The work of the Diakonia & Solidarity team is rooted in the history and experiences of the WCC as it has exercised its diaconal ministry (Christian service) and solidarity with the marginalized and excluded. It builds on ecumenical consultations in Larnaca (1986) and El Escorial (1987), and continues the work of the former Unit IV - Sharing and Service.

At the Larnaca 1986 world consultation on Diakonia 2000: Called to be neighbours, the churches recognized the need for a more comprehensive, holistic and liberating diaconia aimed at transformation at all levels, taking into account other, sometimes less obvious, forms of aid than the purely material kind. This was the outcome of a process which started in Uppsala in 1968 when churches started to move beyond a narrow paternalistic approach to development to a wider view that challenged the status quo. Debates throughout the 1970s about justice and service issues, and disillusionment with "development" due to the burgeoning debt crisis during the 1980s were part of that process. Larnaca did not talk about solutions. Instead, it spoke of a journey.


Larnaca, Cyprus, 1986

 


El Escorial, Spain, 1999

The following year, another WCC world consultation in El Escorial, on Koinonia: Sharing life in a world community, focused on ecumenical resource-sharing. Guidelines for an "ecumenical discipline", based on a fundamentally new value system, were drawn up for the sharing of resources: equal partnership; exposing and challenging the root causes and structures of injustice; enabling people to realise their potentials; promoting and strengthening the holistic mission of the church and ecumenical sharing; overcoming all barriers between different faiths and ideologies; and facilitating dialogue and participation.

Power and empowerment were key concepts at the WCC Seventh Assembly in Canberra, Australia, in 1991. It was clear that the injustices of the world are not the result of a lack of resources. It is the unfair distribution of those resources that is the problem. Capacity-building and community empowerment to rediscover and develop people's own potential and resources, and to preserve their dignity and right to determine their own destiny became central to the work of Sharing and Service.
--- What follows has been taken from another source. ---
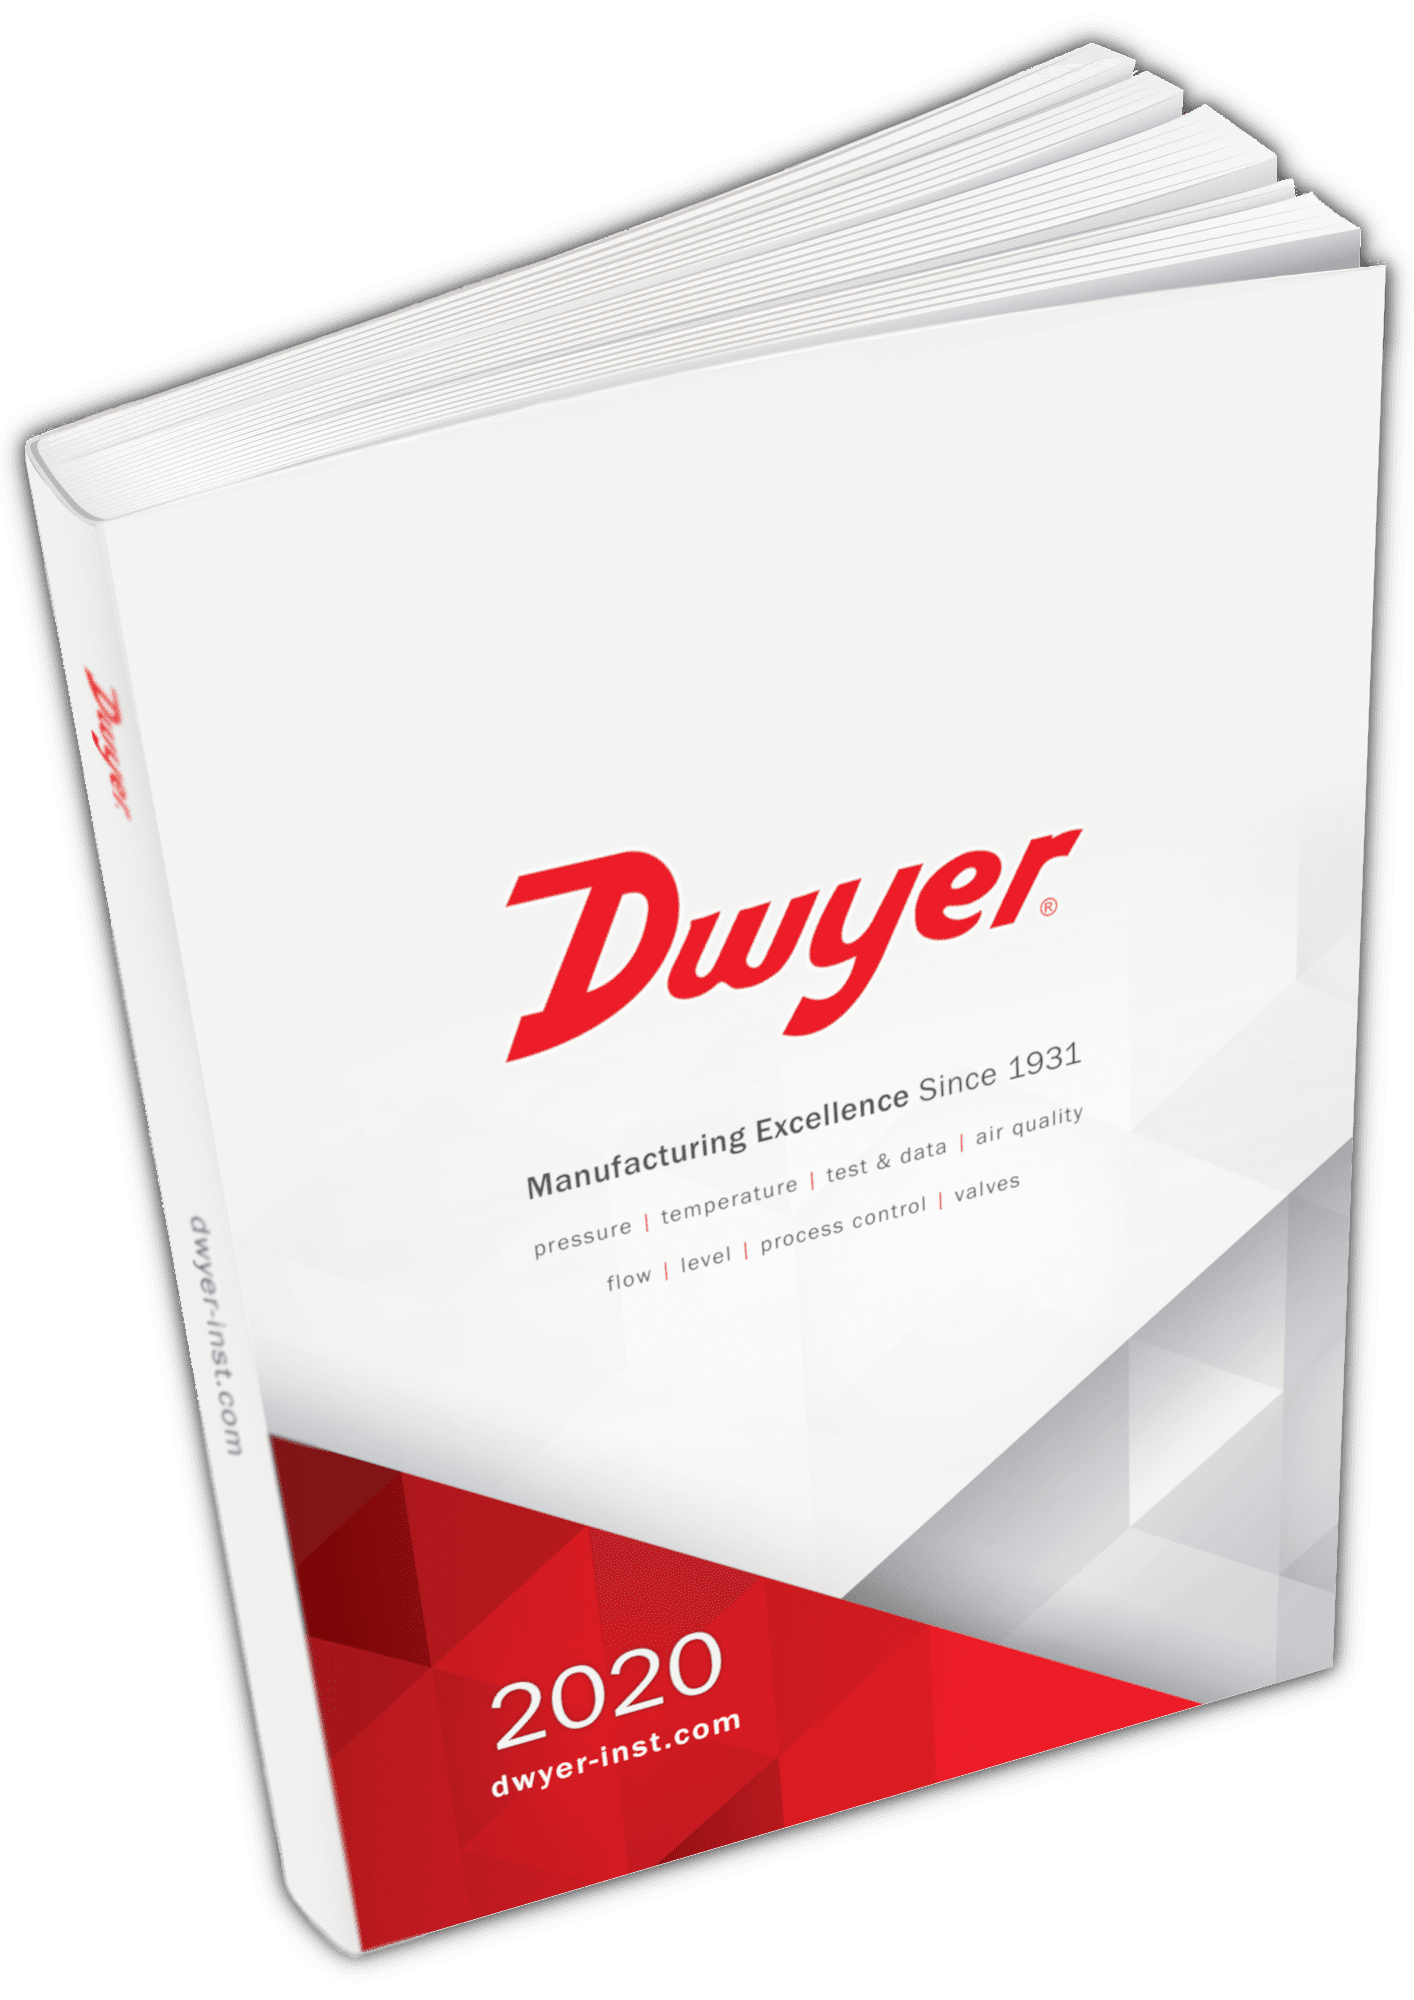 Dwyer-catalogus 2020 bij Hitma verkrijgbaar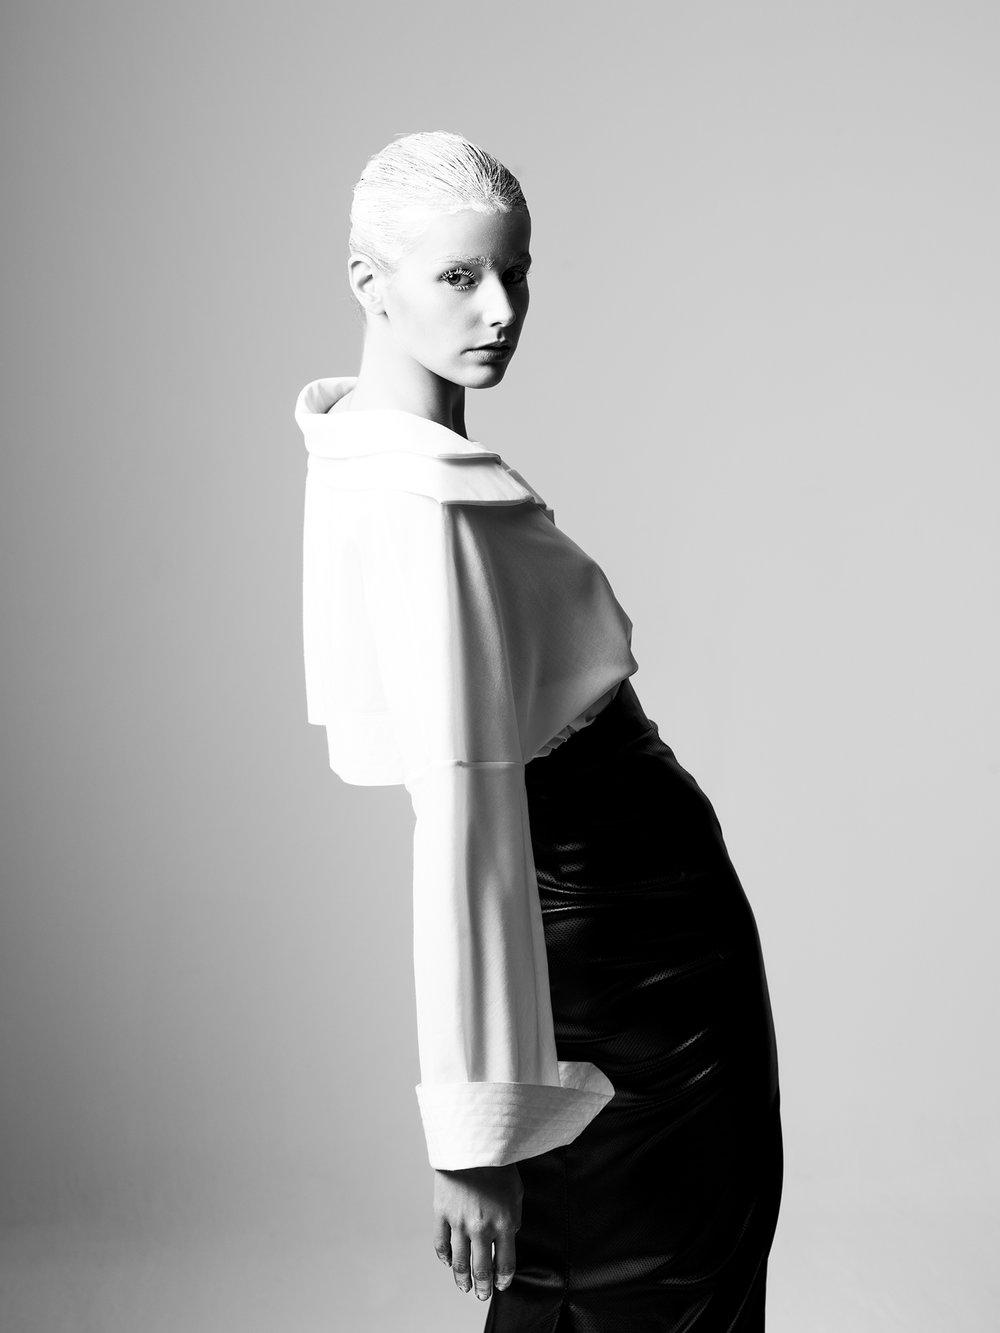 Oscar-arribas-photography-fotografo-portrait-retrato-editorial-fashion-beauty-05.jpg

The Sharing and Service Commission meeting in Bangkok 1993 put a new regional emphasis on the work. The meeting discussed gender and youth in particular, as well as the biblical concept of the "jubilee year" in relation to contemporary development. 

"Jubilee" is mentioned in the Book of Leviticus, chapter 25. The jubilee year as the "year of restoration" was to come every 50 years. Freedom would be proclaimed to all the inhabitants of the land. Debt would be cancelled. Property would be returned to its former owners. Slaves would be set free. The land would be allowed to rest for a year.

A "Strategy for Jubilee" was adopted at the Sharing and Service Commission meeting in Alexandria in 1995. The plan, to cover the years from 1995 to1998, sought to apply the principles of the biblical jubilee to the contemporary world. It identified five groups of "jubilee peoples" as targets for practical actions of solidarity: children, marginalized and excluded women, economically and politically marginalized people, uprooted people, and people living in the midst of conflict and disaster.

Beyond the Eighth Assembly in Harare, Zimbabwe, in 1998 and within the new WCC vision and structure, the Diakonia & Solidarity team worked on the above principles, learnings and experiences in order to address the challenges of the changing world context. It continues to be challenged to envision new and creative mechanisms for sharing, mutual accountability, advocacy, solidarity and just relationships.